## PROBLEM DESCRIPTION
Output exactly the lines from the one with "Top half features" through the last line of the data below, both included, and nothing more.

## MATERIAL PROVIDED
══════════
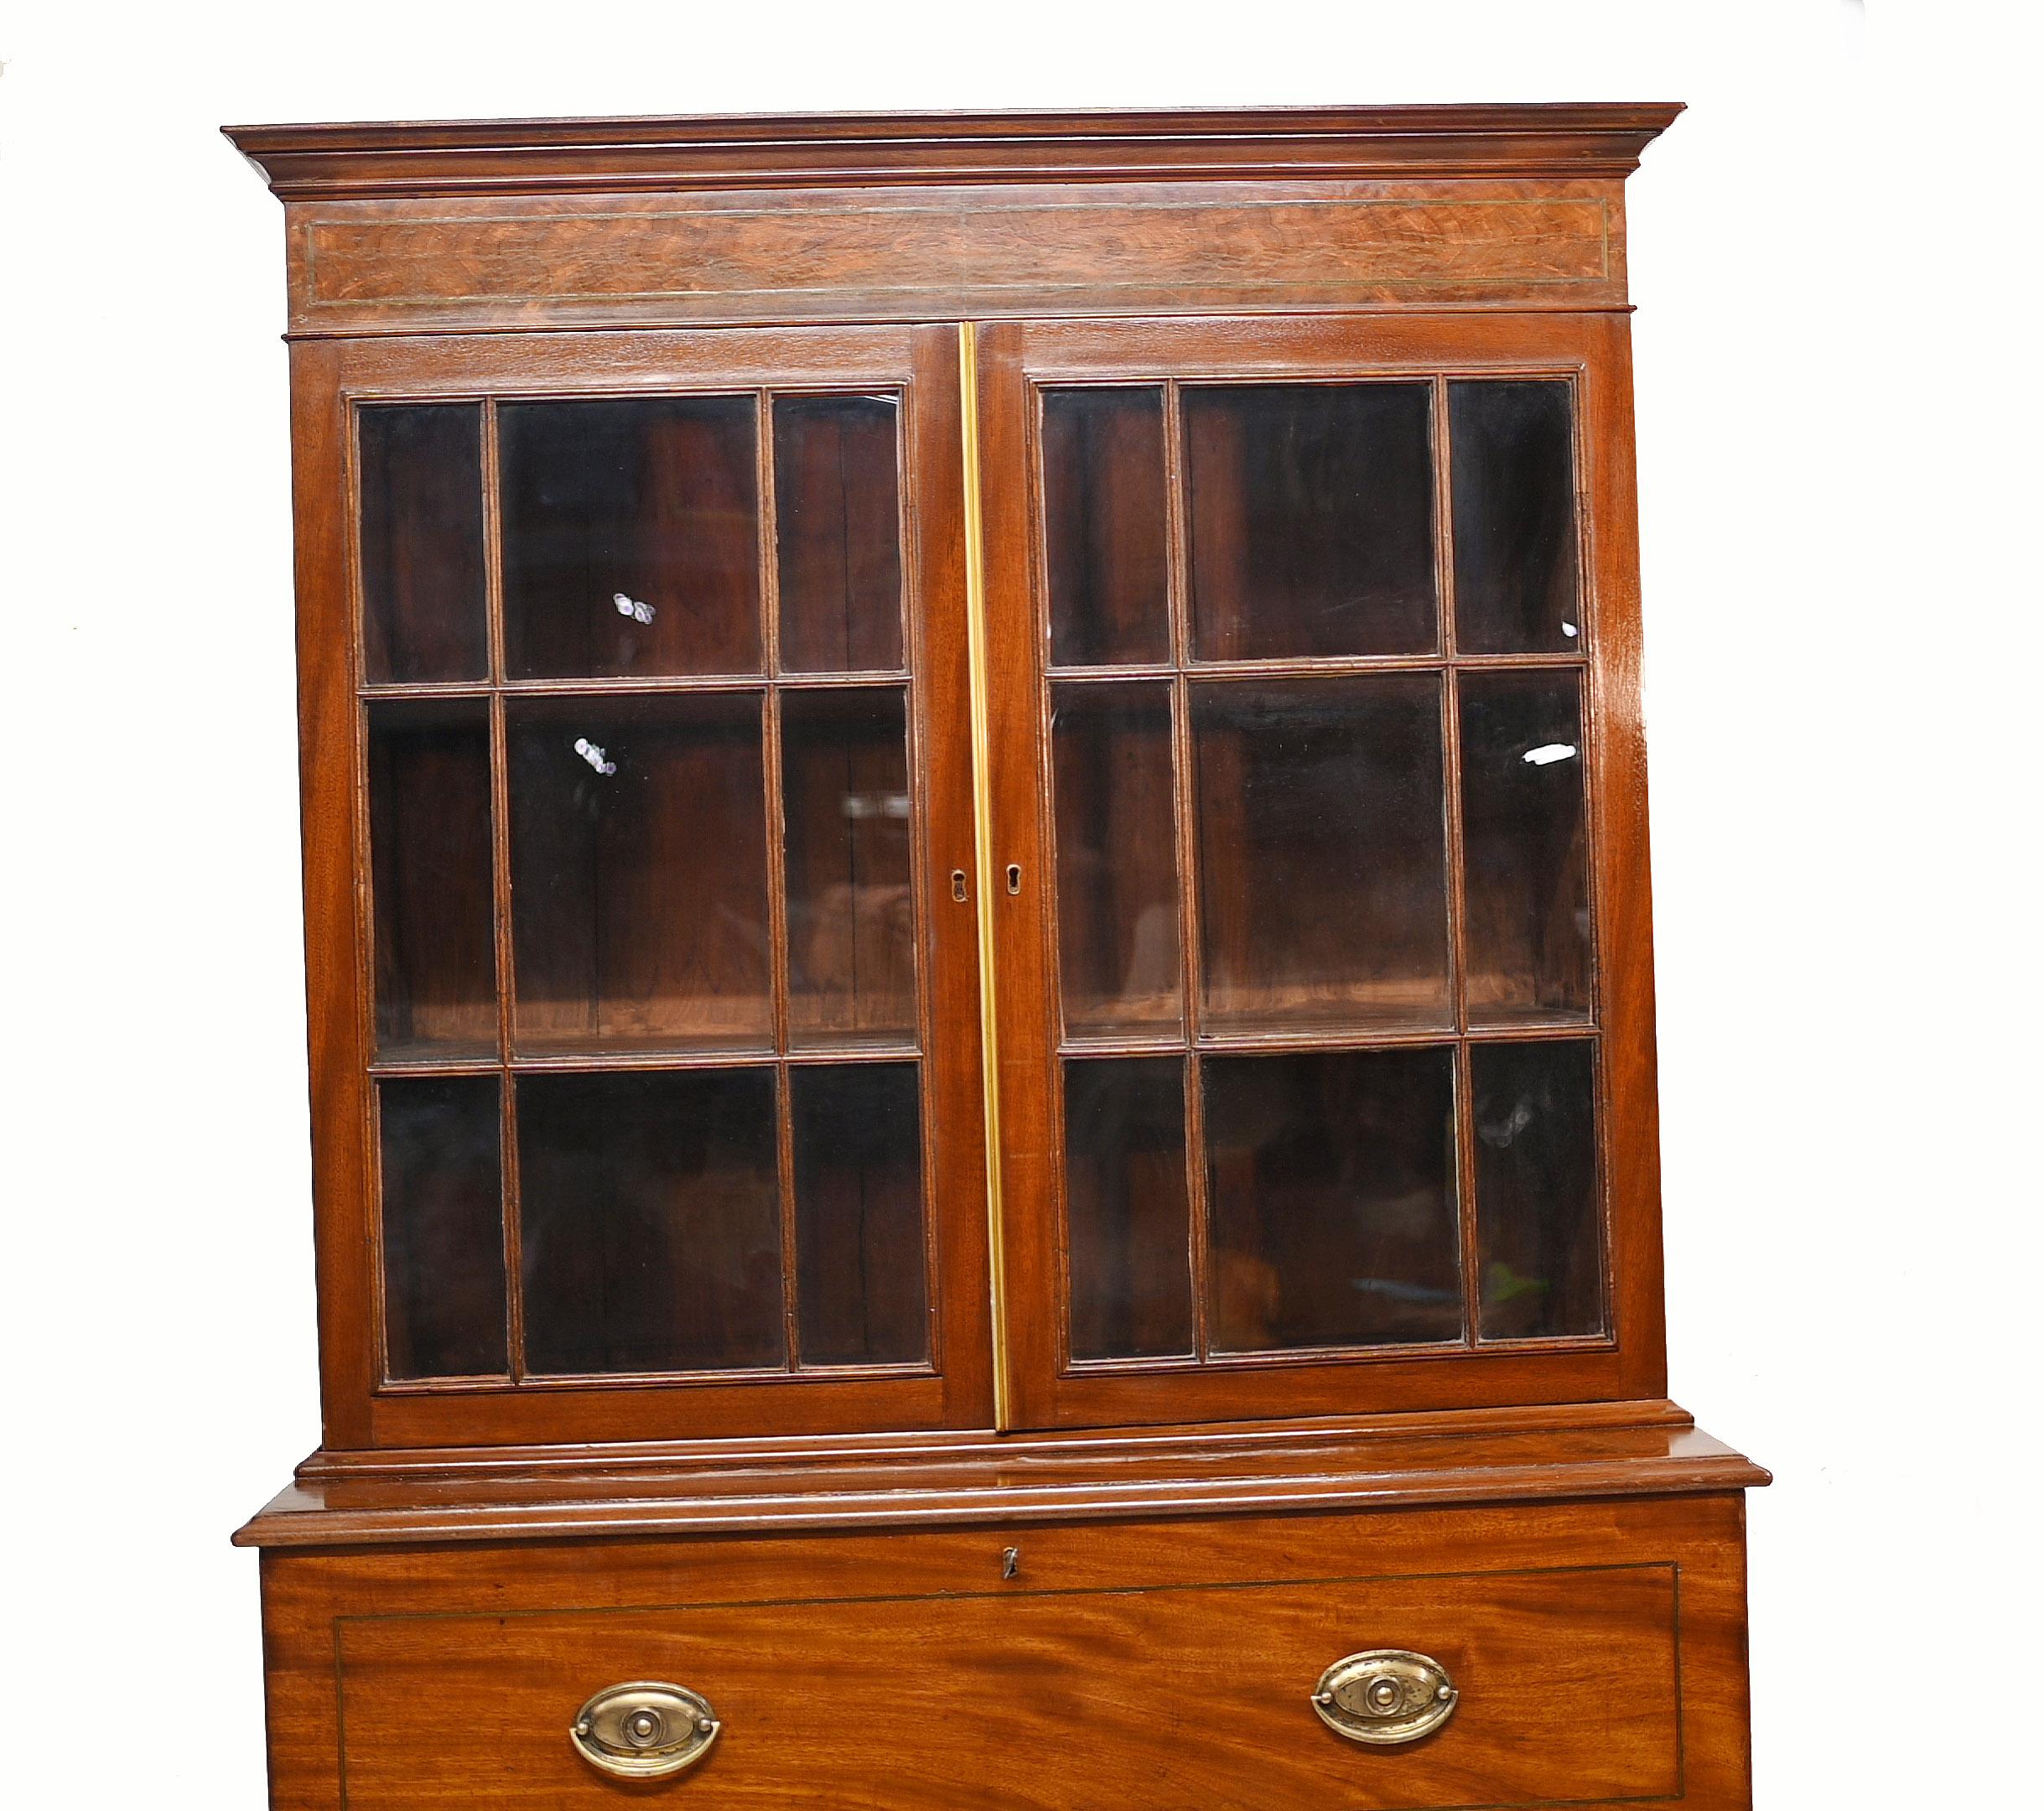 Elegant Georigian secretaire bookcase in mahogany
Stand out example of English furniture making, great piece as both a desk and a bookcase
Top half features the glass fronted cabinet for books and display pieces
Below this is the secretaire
══════════
## TASK RESPONSE
Top half features the glass fronted cabinet for books and display pieces
Below this is the secretaire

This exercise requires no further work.